Abstract
Rationale
IL-6 is a pleiotropic cytokine that is involved in the regulation of inflammation. Increased serum IL-6 levels are associated with reduced FEV1 in COPD patients independent of age or smoking status. Elevated levels of sputum IL-6 in COPD patients have been associated with increased exacerbation frequency. The mechanism by which IL-6 may mediate inflammation in COPD is uncertain. We sought to determine levels of IL-6 and its soluble receptor (sIL-6R) in COPD sputum. IL-6 signaling can alter the levels of the neutrophil chemoattractant CCL3 and the monocyte chemoattractant CCL2; we also investigated the levels of these chemokines.
Methods
70 patients with GOLD stage I-IV COPD and 30 healthy controls comprising of 15 healthy smokers (HS) and 15 healthy non-smokers (HNS) underwent sputum sampling with PBS processing.
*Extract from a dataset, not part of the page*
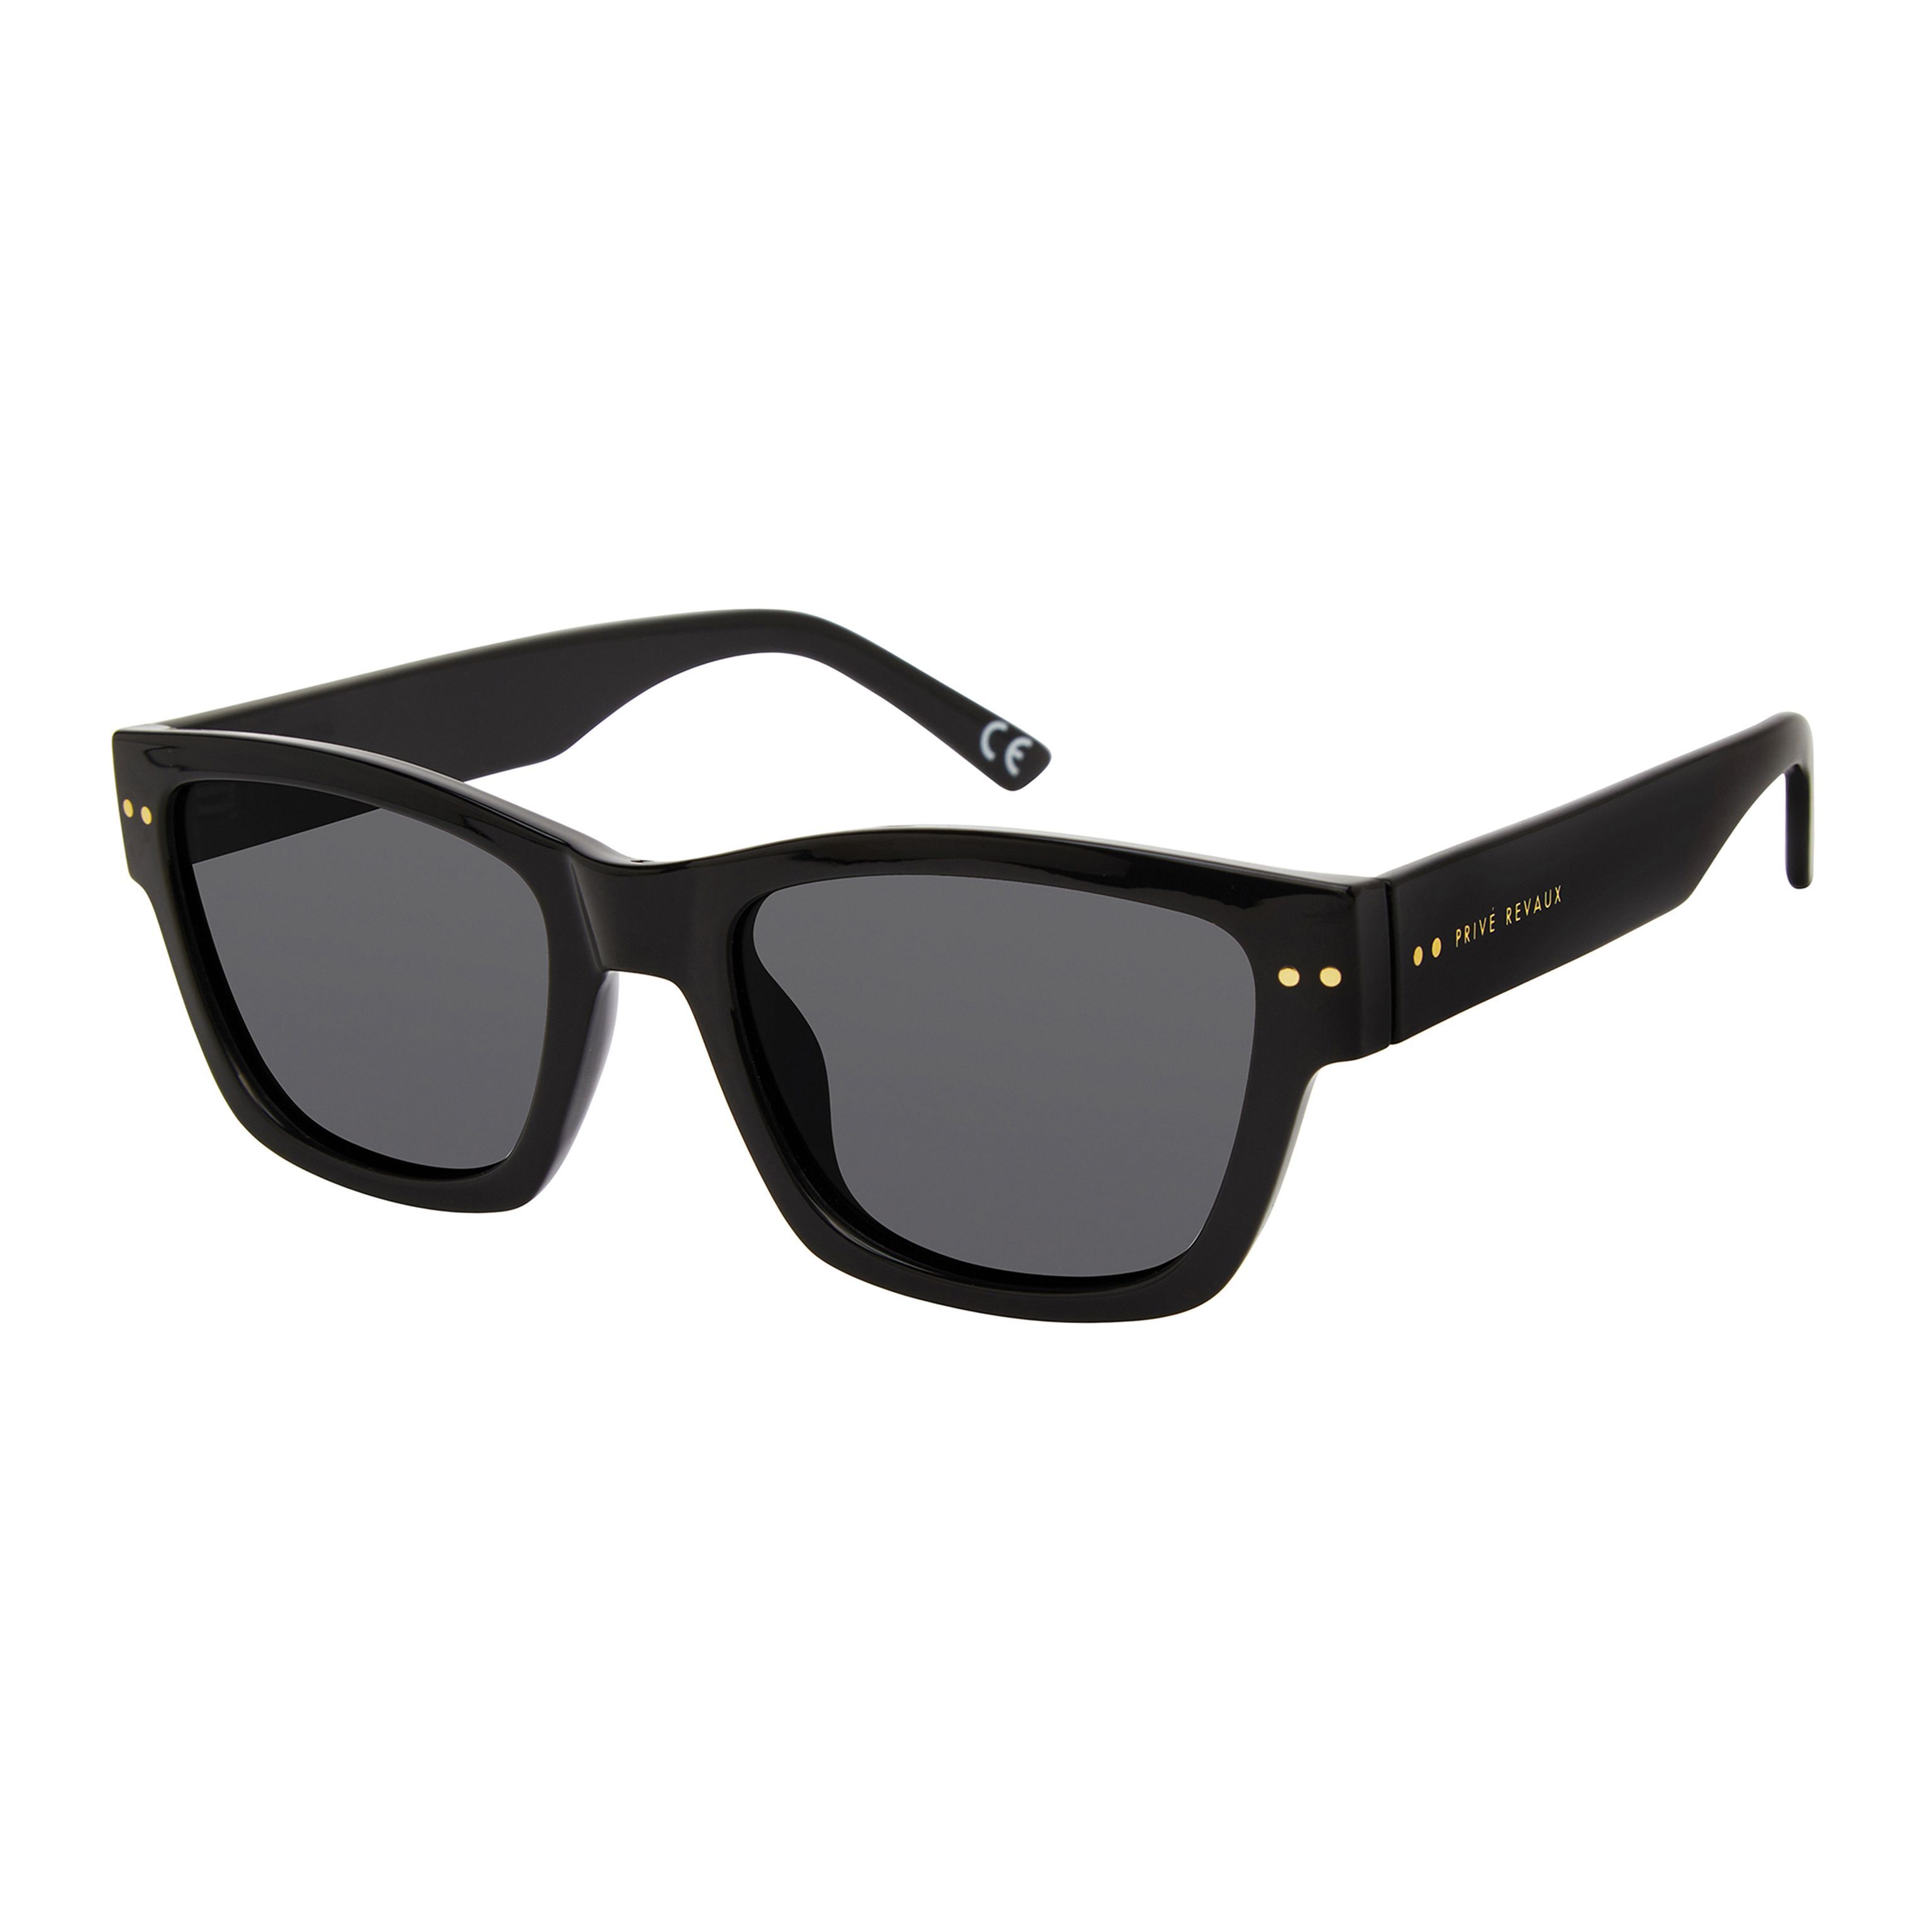 THE ALTON S Square Sunglasses 807 M9 - size 53

Levels of IL-6, sIL-6R, CCL2, CCL3 were determined by multiplex analysis (MSD® platform) of sputum supernatant.
Results
Healthy smokers expressed the highest levels of sputum IL-6. COPD patients expressed the highest levels of sIL-6R. COPD patients also expressed the highest levels of sputum CCL3. In contrast, CCL2 expression was significantly reduced in COPD patients.

 COPDHSHNSANOVA
IL-6 (pg/ml)116.8 (84.5)258.3 (214.1)80.87 (74.34)p=0.0016
sIL-6R (pg/ml)256.6 (260.9)98.84 (44.33)136.2 (90.31)p=0.019
CCL2 (pg/ml)26.7 (51.2)207.8 (104)162.4 (142.6)p<0.0001
CCL3 (pg/ml)182.1 (164)8.12 (6.83)58.75 (63.17)p<0.0001
Data expressed as mean (SD)


Conclusion
We report evidence of enhanced IL-6 signaling and CCL3 activity in COPD sputum. We have observed that there is reduced CCL2 activity and enhanced CCL3 activity in COPD sputum. IL-6 may therefore promote neutrophillic inflammation in COPD through up-regulation of CCL3 expression.